The turning point in his operation came during a visit to a health food store in Salina, where he heard the owner tell another customer he was looking for an organic farmer who could provide a reliable supply of whole grain flour.

He had been milling grain for family use since 1937, putting it through a coffee grinder several times. Neighbors and friends who tasted bread made from this whole grain flour began asking for it and he ended up buying his first stone mill. But it wasn’t until that day in Salina that he considered turning it into a commercial enterprise.

In addition to growing up to 150 acres of hard red winter wheat a year, Unruh also produces corn and rye for his milling operation. He gets good yields of up to 100 bushels an acre for corn, which is used for both feed and corn meal, and up to 50 bushels for wheat. He credits the regular application of organic fertilizers for the high productivity of his soil.

He remembers the first time he contacted Hy-Brid Sales Company, an organic fertilizer firm in Council Bluffs, Iowa, and reported that the family farm appeared to be run down. It had been cropped for nearly a century without anything except manure being applied to the fields. A company representative recommended some Calphos, which got results on all but one field. A soil test showed it had a serious potassium deficiency.

Although the company recommended 500 pounds of granite dust per acre in one area and 1,000 pounds in another on that field, Unruh spread a ton on a third area to see what would happen. The response from this heavy application of granite dust was spectacular and he was turned into a granite-dust enthusiast and one of the company’s best customers.

Like most organic farmers, he also uses legumes to put nitrogen back in the soil. He uses a lot of sweet clover, seeding it with wheat in the fall and letting it grow to full maturity before working it into the soil.

His operation also includes a herd of 20 stock cows and about the same number of steers and heifers being fed out on organically grown grain. “They’re all spoken for,” he reported, referring to standing orders from customers for cattle from his feedlot.

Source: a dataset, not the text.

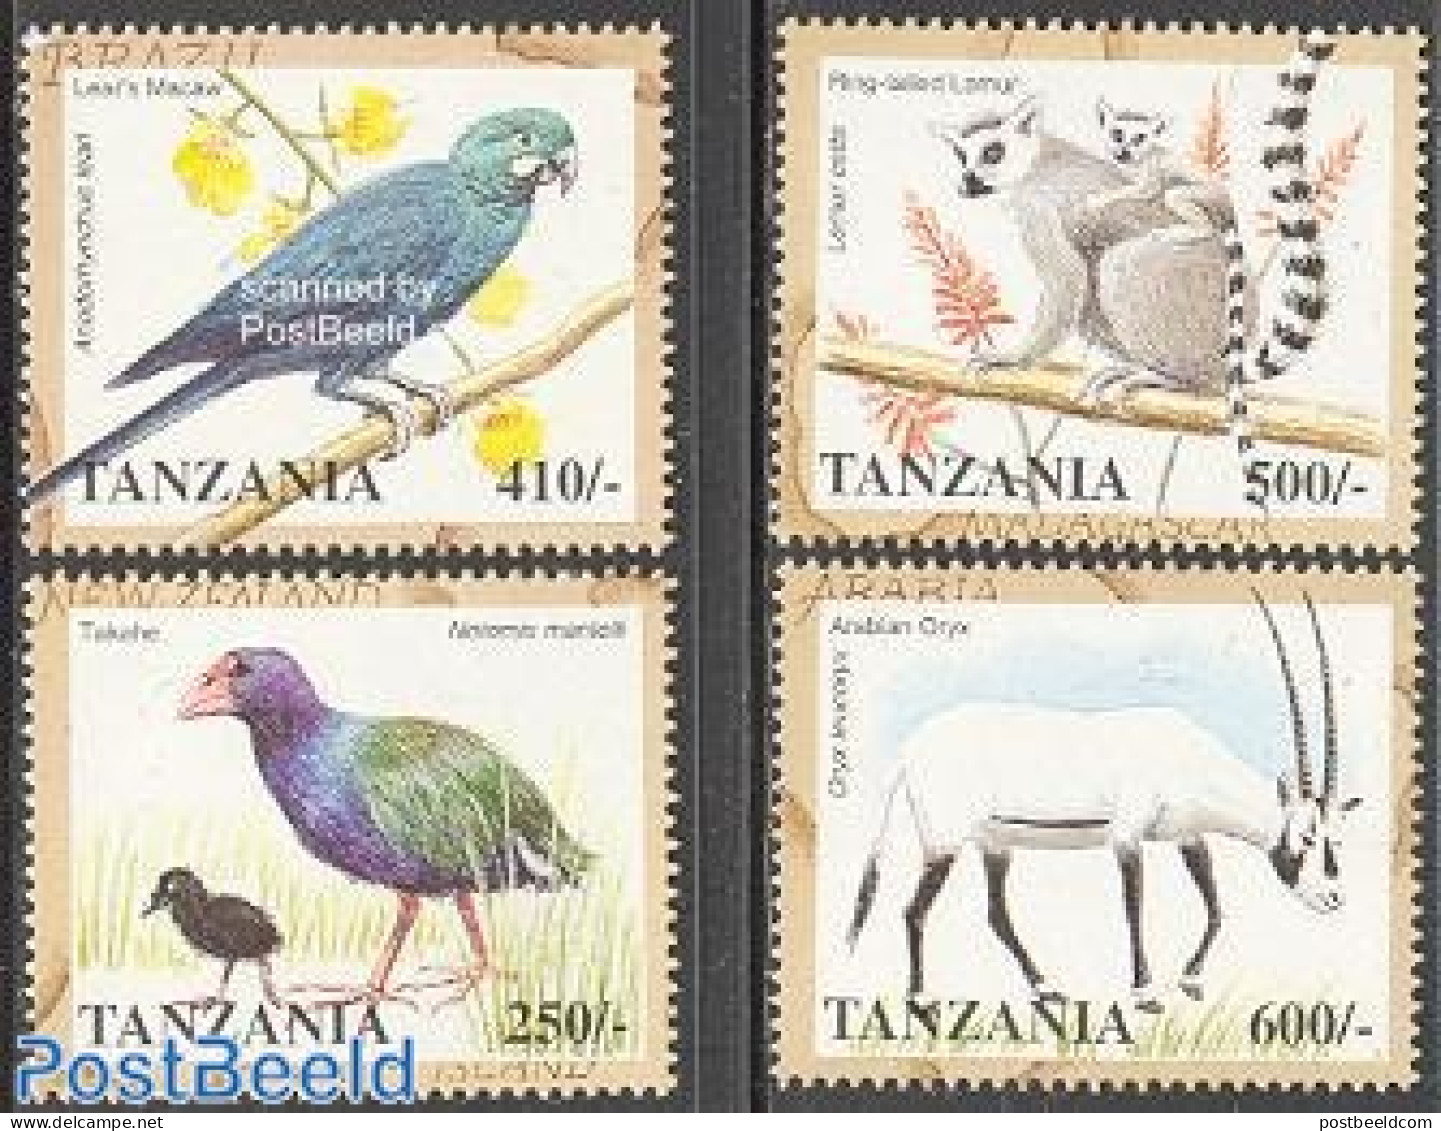 Tanzania 1998 Animals 4v, Mint NH, Nature - Animals (others & Mixed) - Birds - Parrots - Tansania (1964-...)

He has about 15 acres of alfalfa, which is important in his livestock operation. He noted that alfalfa needs minerals and phosphates and said he normally uses 150 pounds of Calphos and 150 pounds of granite dust per acre at seeding time.

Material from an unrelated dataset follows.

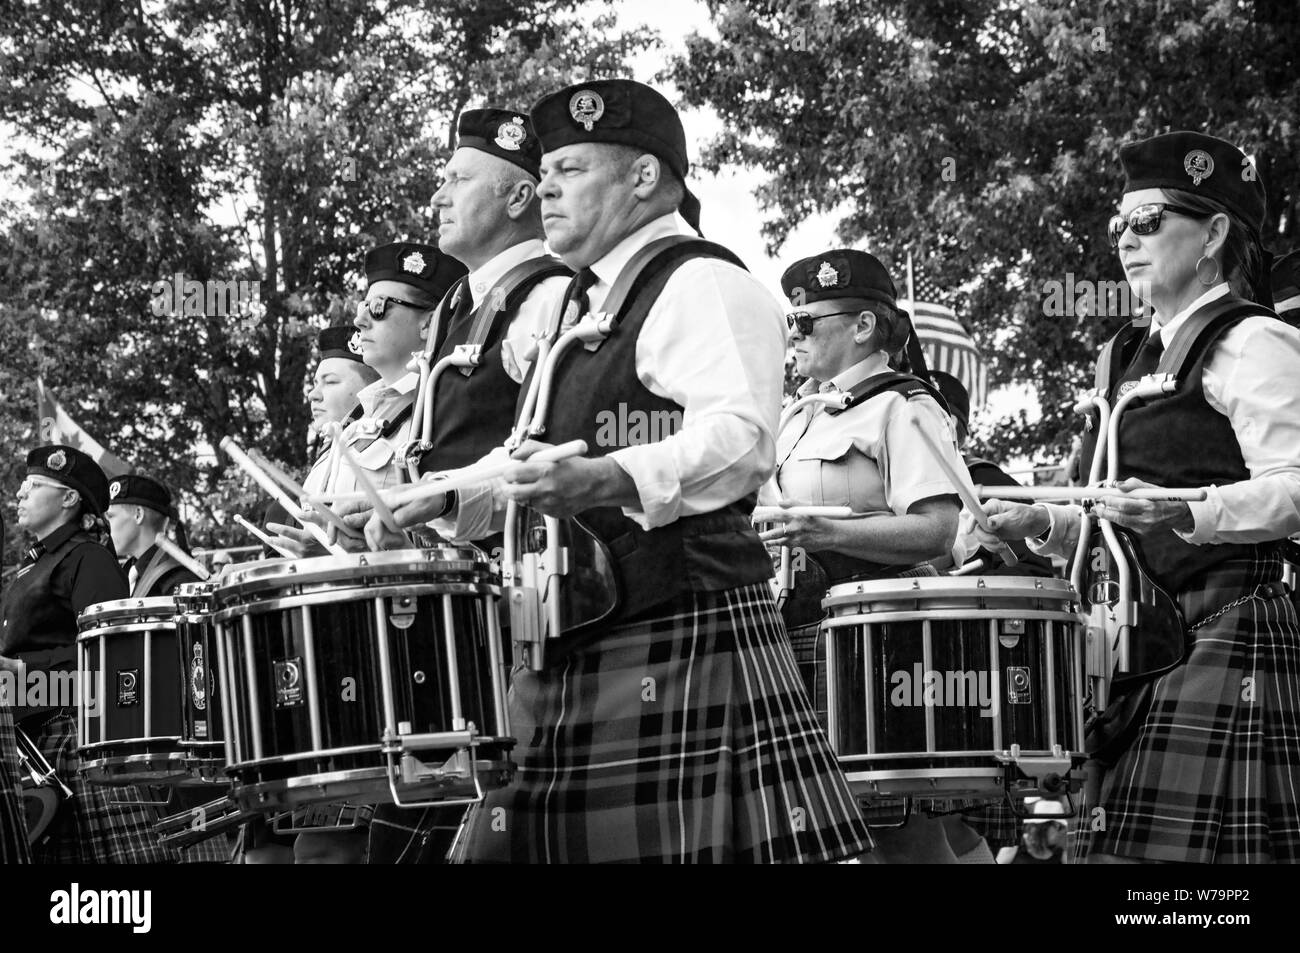 Fergus, Ontario, Kanada - 08 11 2018: Drummer der Rohre und Trommeln Band paricipating in der Pipe Band Contest von Pipers und Pipe Band Gesellschaft Stockfoto

Unruh said he plants seed varieties especially suited to milling and keeps back enough for his own use so he doesn’t have to use chemically treated seed. He emphasized that he has never had any mosaic in his wheat, a problem for chemical farmers in his area.

Roger Blobaum interviewed and photographed and wrote about organic farmers in the Midwest in the early 1970s. These organic farmer profiles were initially published during that period in Organic Gardening and Farming magazine or in the Organic Observer. Most were published again later in two Rodale Press publications, the Organic Farming Yearbook of Agriculture published in 1975 and Organic Farming: Yesterday’s and Tomorrow’s Agriculture published in 1977.